Node Classification

This section describes the Node Classification Model in the Neo4j Graph Data Science library.

1. Introduction

Node Classification is a common machine learning task applied to graphs: training a model to learn in which class a node belongs. Neo4j GDS trains supervised machine learning models based on node properties (features) in your graph to predict what class an unseen or future node would belong to.

Concretely, Node Classification models are used to predict a non-existing node property based on other node properties. The non-existing node property represents the class, and is referred to as the target property. The specified node properties are used as input features. The Node Classification model does not rely on relationship information.
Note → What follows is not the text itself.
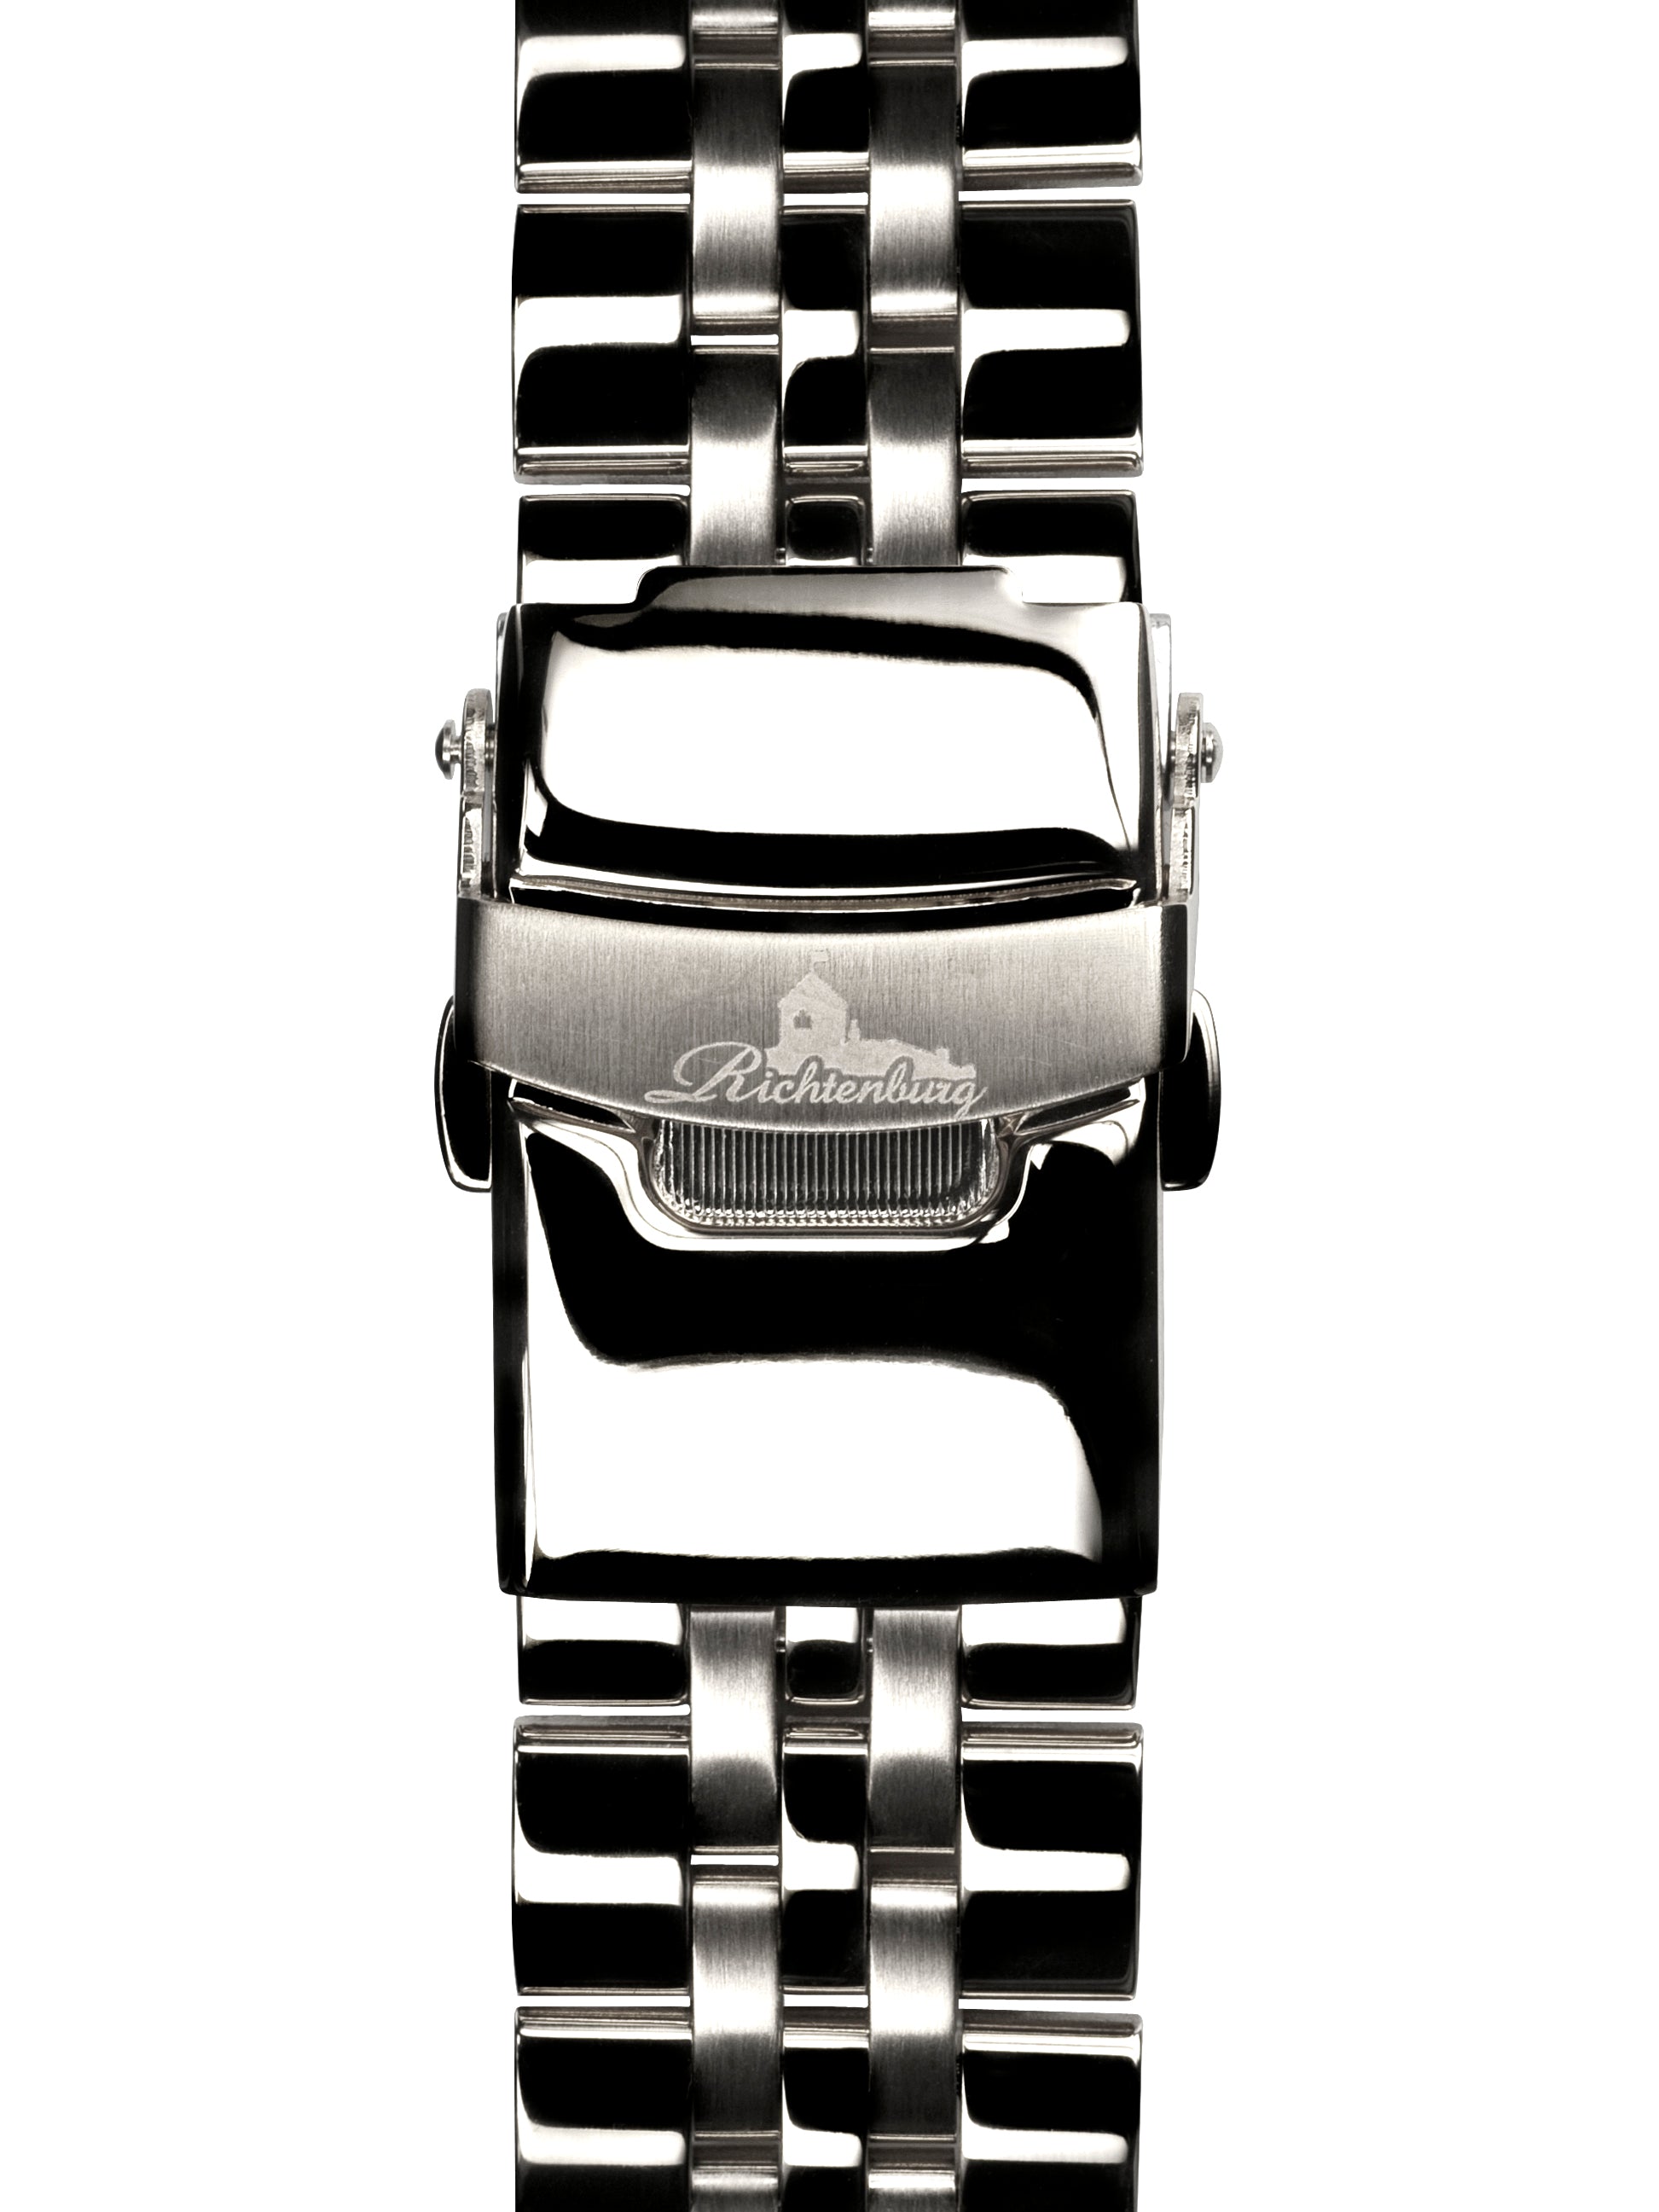 Automatic watches — Cassiopeia — Richtenburg — steel black

However, a node embedding algorithm could embed the neighborhoods of nodes as a node property, to transfer this information into the Node Classification model (see Node embeddings).

Models are trained on parts of the input graph and evaluated using specified metrics. Splitting of the graph into a train and a test graph is performed internally by the algorithm, and the test graph is used to evaluate model performance.

The training process follows this outline:

  1. The input graph is split into two parts: the train graph and the test graph.

  2. The train graph is further divided into a number of validation folds, each consisting of a train part and a validation part.

  3. Each model candidate is trained on each train part and evaluated on the respective validation part.

  4. The training process uses a logistic regression algorithm, and the evaluation uses the specified metrics. The first metric is the primary metric.

  5. The model with the highest average score according to the primary metric will win the training.

  6. The winning model will then be retrained on the entire train graph.

  7. The winning model is evaluated on the train graph as well as the test graph.

  8. The winning model is retrained on the entire original graph.

  9. Finally, the winning model will be registered in the Model Catalog.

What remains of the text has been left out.